An image has three characteristics accounting for its stability, consistency and continuance in social groups: 1. marginal elements, such as beliefs, cognitions, and judgements, which act as safeguards to protect; 2. the key element of the image, which is in this case addiction as vice, and 3. the social function accomplished by the image. We believe that the latter is the most important characteristic, a feature which was also emphasized by Moscovici.
According to the common sense of the adolescents and parents under study, the function of the addiction-vice image was to reject a behavior considered deviant from accepted social norms.

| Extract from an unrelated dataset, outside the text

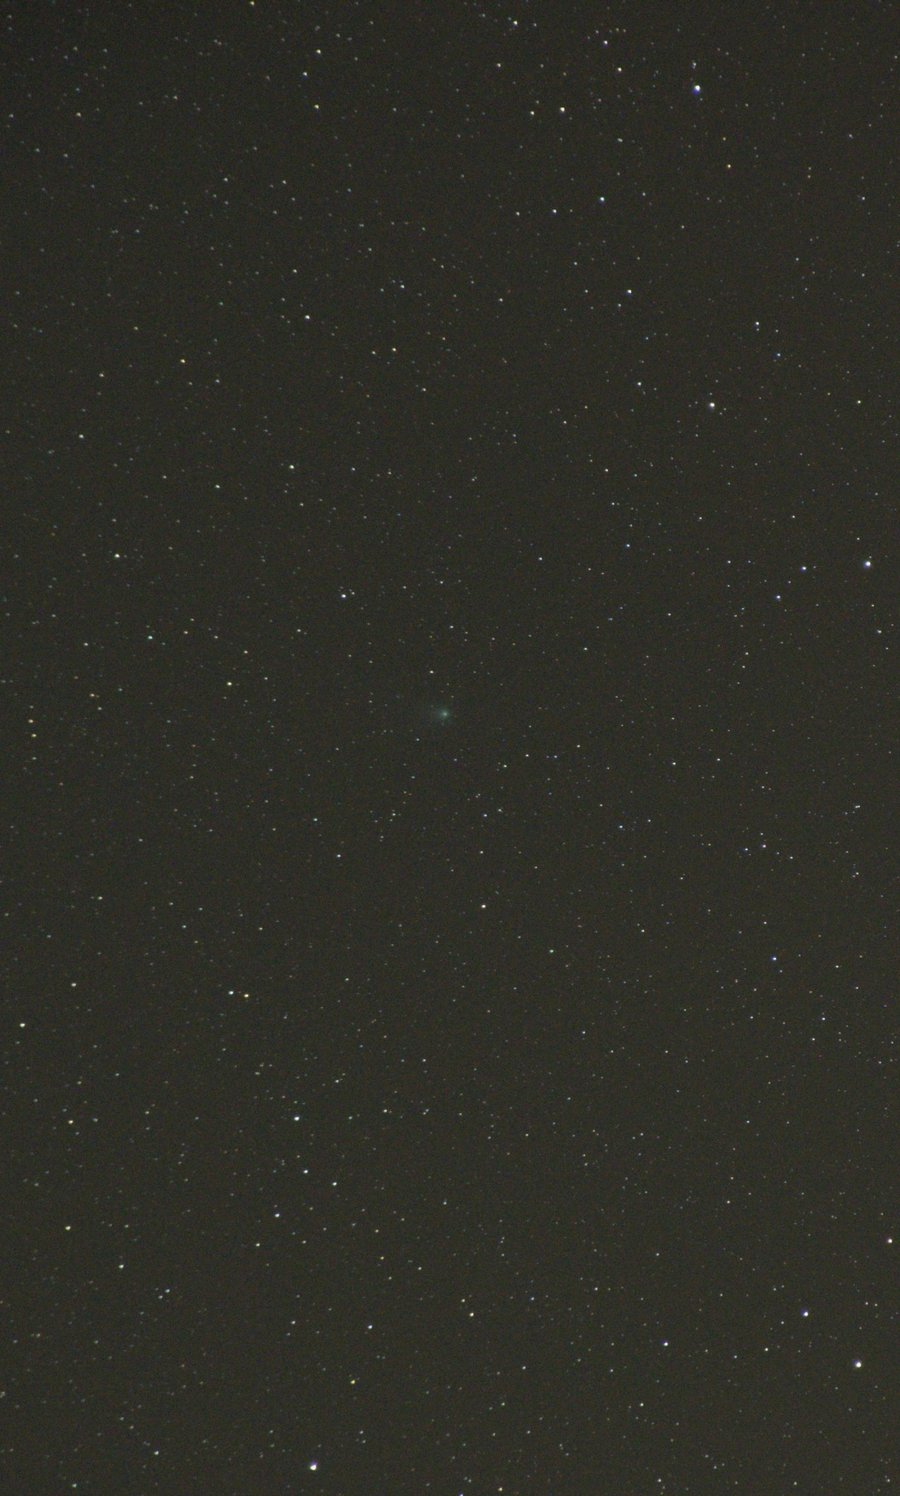 Comet C/2009P1 Garradd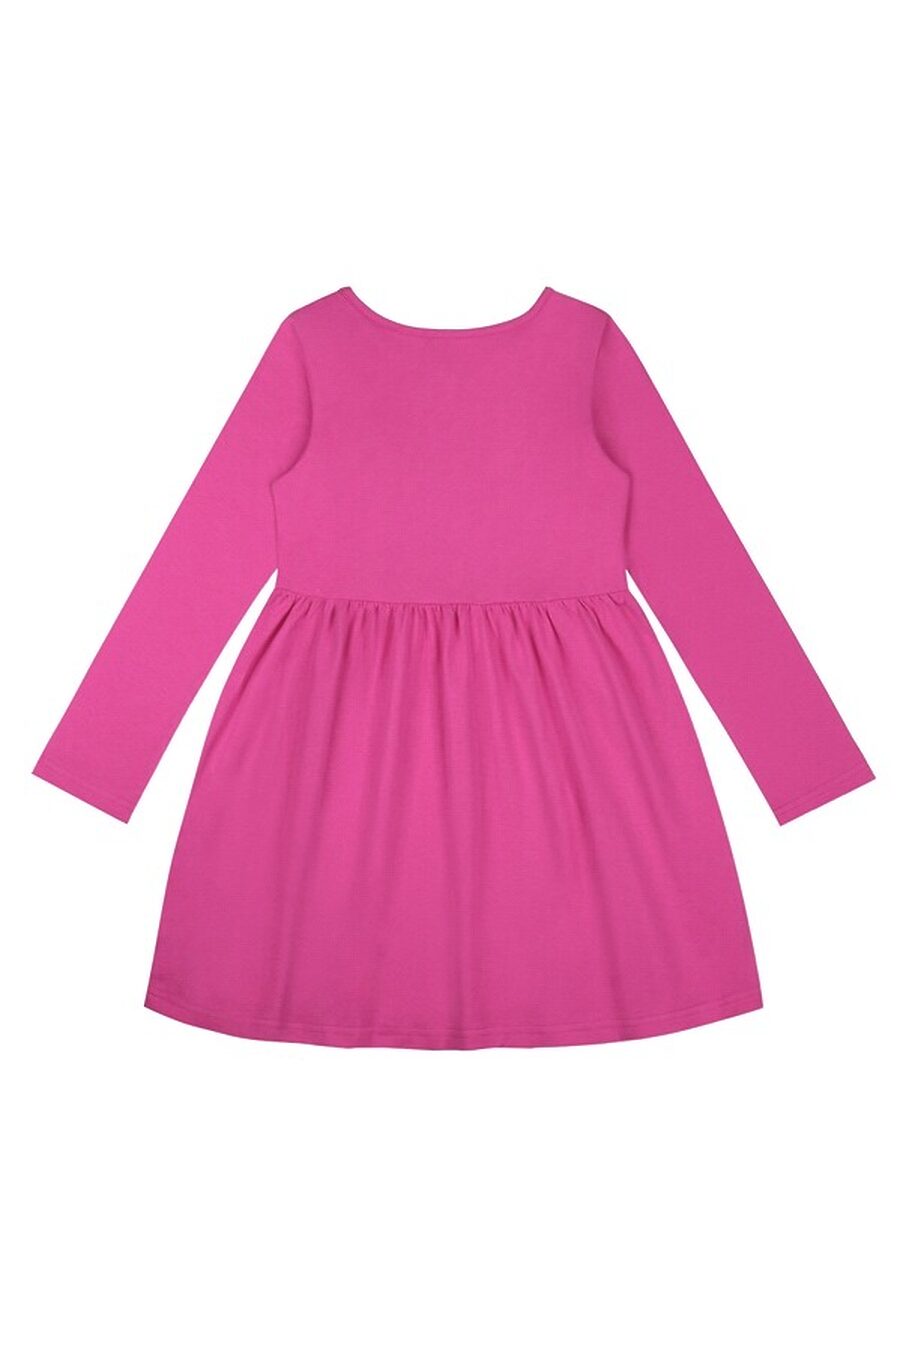 Платье для девочек АПРЕЛЬ 807640 купить оптом от производителя. Совместная покупка детской одежды в OptMoyo

On the other hand, we detected that the addiction-disease image was not stable in the social mind, because this was not an image made up by the population under study, but one that they had appropriated and where health services were included. It is a construction circulating outside these particular social actors, and which is appropriated to carry out the purpose of gaining access to treatment. The images composing the voluntary use pathway seem to be antagonistic and mutually excluding, and they seem to coexist in the mind’s continuum when addiction is re-defined as a problem deserving help. Consequently, using drugs can be at times viewed either as a vice or disease, or vice-disease, depending on the purpose it fulfills in a given situation. Only common sense can accept such exclusions and alternations, because the reaso ing underlying it does not need any verifications regarding its validity. From this viewpoint, addiction represents a big challenge for health services because of the several elements it involves. Results from this study point out to the reasoning used to examine the ideas of both the adolescents and their parents and to explain decisions regarding drug use. The degree of knowledge about the way these individuals think, communicate and take decisions will enable health services professionals to develop more efficient interventions. To a certain extent, we believe the reasoning behind the vice image is accurate enough because, although the use pathway was voluntary, willpower is also important to stop consumption and look for help in the health care services. Finally, we think that it would be appropriate to study these images in populations from other regions in order to evaluate if the same or similar images prevail or not. Further research of these images would help to develop longitudinal studies which wo ld also evaluate, on the one hand, the images through the therapeutic process and, on the other, their link with the effectiveness of any given treatment.